Hamlet, Act Two, Scene Two:

“What's Hecuba to him, or he to Hecuba, That he should weep for her? What would he do, Had he the motive and the cue for passion That I have? He would drown the stage with tears…”

Q.E.D.

Cheers, ARNIE

P.S.: I only just realized as I was about to send this message that I myself have just had a Trojan Horse Moment, because I am sure I was prompted to go back to Chapter 36 of MP today, and to realize all of the above, consciously, as a result of my watching about 45 minutes of that underrated chick flick “27 Dresses” on cable as I did my treadmilling last night. I had seen it before, and enjoyed it without any sense whatsoever that it had the slightest connection to JA, but now I realize, with a shock, that it is nothing less than an amazingly clever spin on Mansfield Park! It will only take me one paragraph to convince you.

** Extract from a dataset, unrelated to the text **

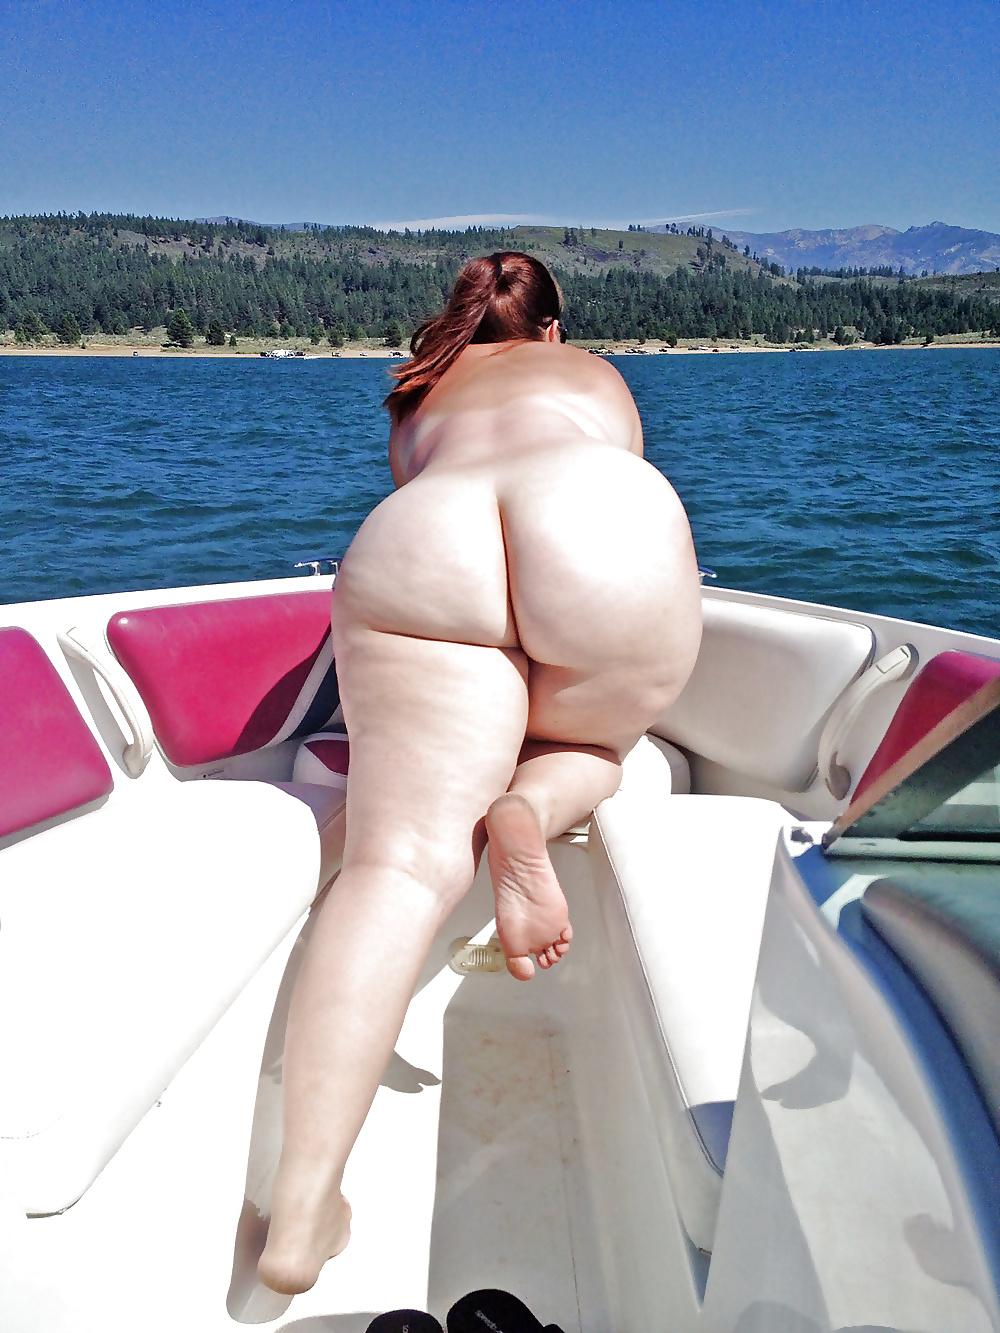 Барыня с толстой попой на отдыхе фото — pic 3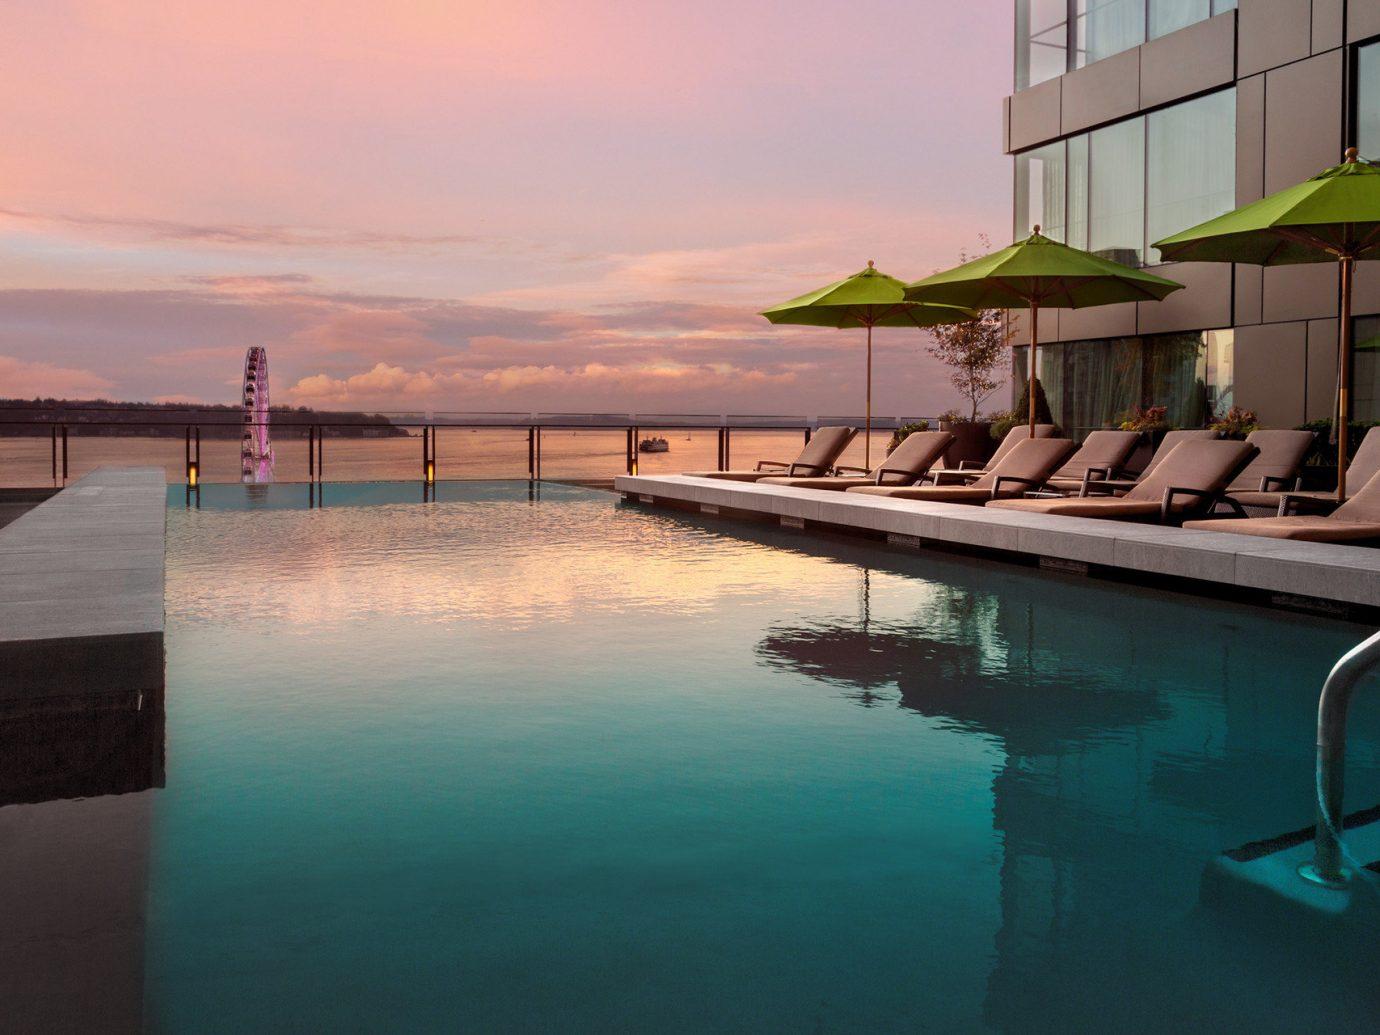 Hotels water sky outdoor swimming pool property scene vacation Sea Ocean Resort estate condominium dock Villa lined several

The scenes I watched included the one in which Katherine Heigl’s character (who of course is named “Jane”!!) is being given a lesson by James Marsden’s character Kevin in not just automatically doing everything everyone else asks her to do, PLUS we have Jane being secretly in love with her boss, Edward Burns’s George, but never telling him, and then having to endure watching him be seduced by her own scheming and deceitful sister, who lies and manipulates him completely—including pretending to share his deep love of nature, even though she is a total city girl!-- because he is so clueless about feminine wiles, and also clueless about the girl who loves him from close up. As I said, Doh!---this is Mansfield Park, but with the happier ending that “Fanny” winds up falling in love with a guy with heart AND wit, who really deserves her, and not with a clueless blockhead.